Chicagoland Pro can do a variety of repairs. Generally, these include board replacement and refinishing the floor in which the boards have been replaced. Generally, we will not replace boards unless we are refinishing the floor, in which the boards are being replaced. The reason for this is that the board must be sanded flat with the rest of the floor and we can't sand and finish a section of flooring and get the stain and finish to match exactly. We replace the boards in the existing floors on a regular basis; however floors must be fully re-sanded and refinished to guarantee an exact match.
When refinishing floors, we must sand and finish from wall to wall. We can generally match any stain fairly closely. However if you are not planning on refinishing your entire floor, you need to expect some color and sheen difference.

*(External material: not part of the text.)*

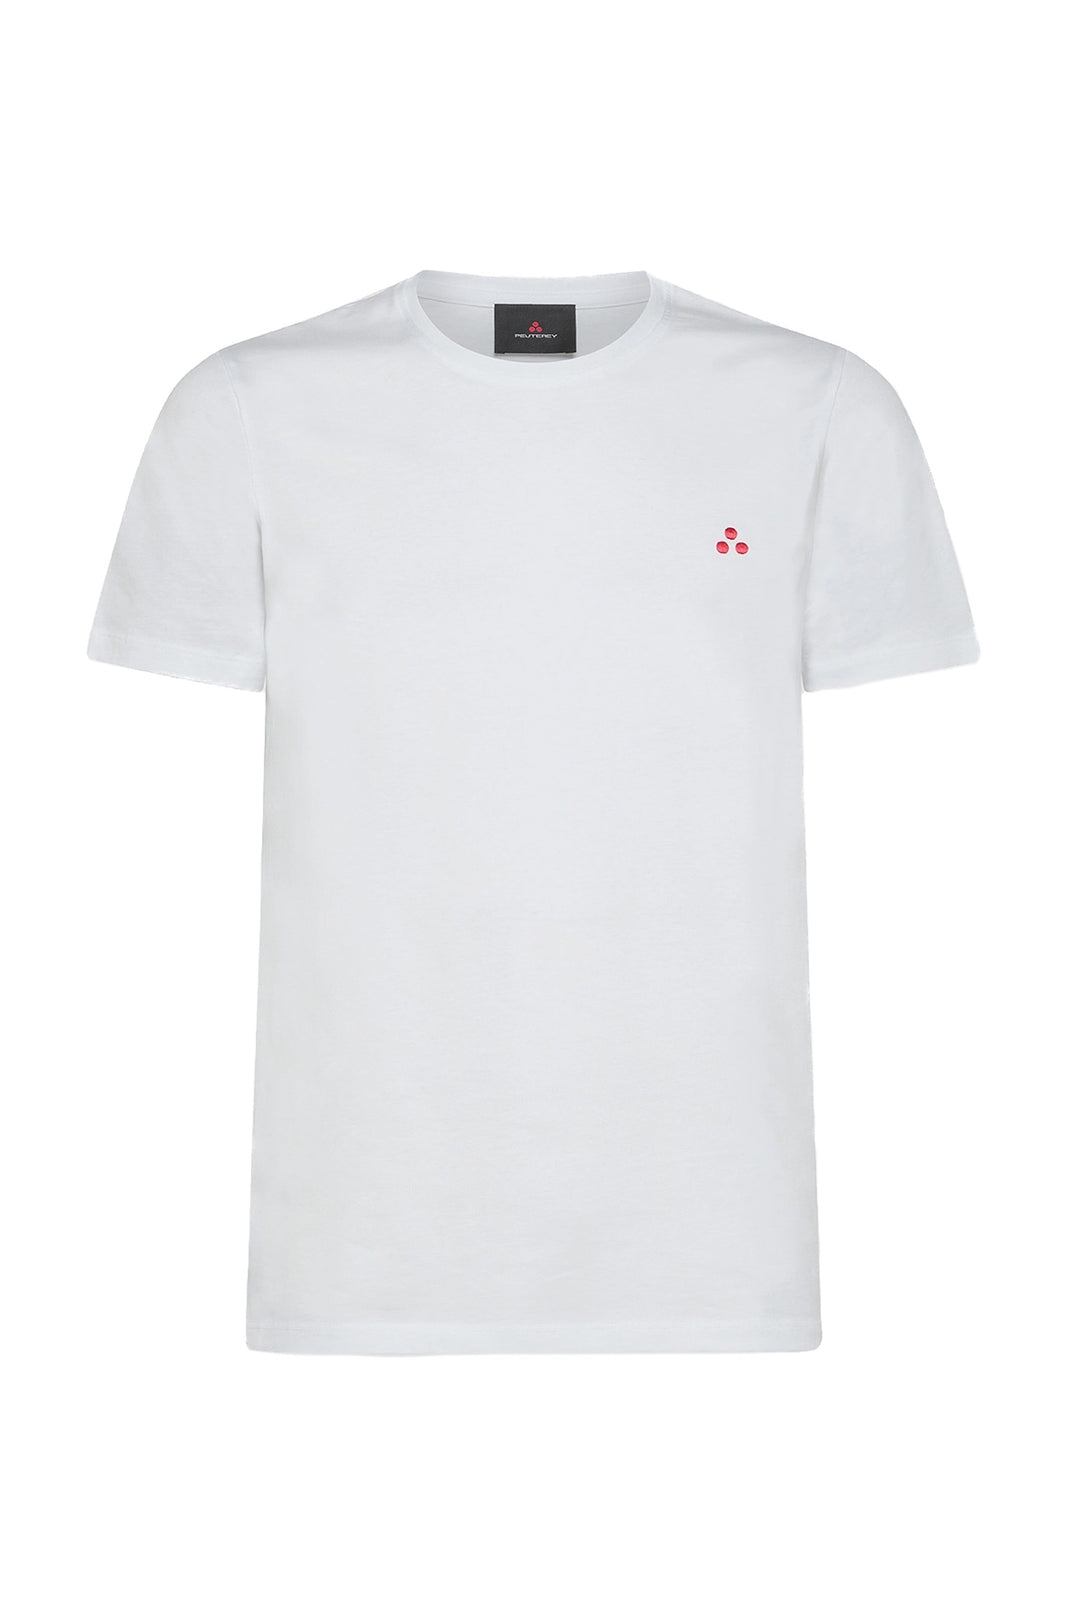 PEUTEREY T-shirt bianca in cotone con logo ricamato sul petto - Mancinelli 1954

We can only stop sanding in doorways that run parallel to the seam of the boards. The doorway runs perpendicular to the seam of a board; we must either continue the refinishing to the next room or install a mini threshold to cover the line where we stop sanding.
The most common types of repairs we do consist scratches, dents, gouges, water damage, chemical/fire (sparks) burns, pet stains, plant stains, holes from preexisting cable or wire installations are all very common repairs. All of these repairs repairs require the sanding and finishing of the whole floor, not just sections. Sections of floor cannot be matched up or blended into existing areas without doing the whole floor.
Repairs can be done in almost any situation. However, the extent of the repair depends on various factors. Chicagoland Pro is limited to hardwood flooring and refinishing repairs, as well as small subfloor repairs. If there are subfloor repairs we don't feel comfortable addressing, we will let you know and you may need to call a carpenter. We have repaired and refinished floors that are over 100 years old and made them look close to new. We most certainly can help with your hardwood needs!
Repairs on finished floors are very difficult. Deep scratches and dents usually require entire floor sanding to repair the damage. Occasionally, light scratches can be touched up, but they will usually not look perfect. Floor finishes begin to change color after 6 months, which makes the repair process more costly and extensive.
Dents, gouges, and scratches that are less than 1/8 inch deep can usually be repaired by sanding and refinishing. If any of these are deeper than this, the board/s will have to be replaced and the whole floor sanded and finished.
These types of occurrences can be sanded and finished unless they are too deep into the wood. All of these have the potential to have boards replace, sanded, and finished. Once again, anytime we mention sanding and finishing, it requires the whole floor, not just a section where the damage has occurred.
Nail holes, and staple holes caused from carpet installation, can be filled, sanded and finished. This is the true use of wood filler. Holes in the floor resulting from cable or speaker wire installation may be able to be filled also; however most require board replacement, sanding, and finishing.
Water damage can occur from many different sources. Refrigerators, dishwashers, toilets, water damming from rooftops, pipes leaking, and over watering of plants, are all common problems. When the damage occurs:
If you do all of these things immediately after water incident, it is possible that the damage will be minimal and may not even require that anything be done. The things that you may see on your floor could be finish peeling or flaking off the boards, discoloration of the wood, boards cupping (warping), or gaps created when the wood is drying out. If you experience cupping immediately, do not get alarmed and have someone or yourself remove the wood. Some amount of cupping occurs in all water damage cases. Even after you have done all of the above, a dehumidifier can usually get the floor's moisture content to a 12% level. After this level is reached, the floor has to dry on its own. Here in the Chicago area 6-8% is normal for most homes, except for the Lake Michigan shore can be different. A 6% moisture content must be reached and maintained for at least 4-6 weeks prior to repair. This process can take a considerable amount of time, and each case it may be different lengths of time.
If you are unfortunate, and were unable to control the damage, most floors only need to be sanded and finished, cupping and peeling finish included. Board replacement is necessary if the boards are discolored and the discoloration cannot be removed by sanding. Gapping caused by water damage can only be repaired by replacing wood where the gaps begin to the nearest wall line. Some gaps may be able to be filled depending on the severity of the damage.
As mentioned above, moisture content is key to a successful repair with no further repercussions. If a floor is repaired before the moisture content is corrected, two things may occur. First, if a floor is sanded too soon, the floor can re-cup or the floor may crown. These may not occur for as much as 3-4 months. Second, if board replacement is necessary and the moisture is too high, the moisture will transfer and put the floor back into the same problems. Many people, for many apparent reasons, want their floor fixed quickly. A common question asked is, "Why can't you remove the wood, let it dry out and sand and finish"? The answer is that we can, but the homeowner may have to live the the floor torn up for several weeks while drying to a 6% moisture level, and then wait 4-6 weeks at that level before wood can be reinstalled, sanded and finished.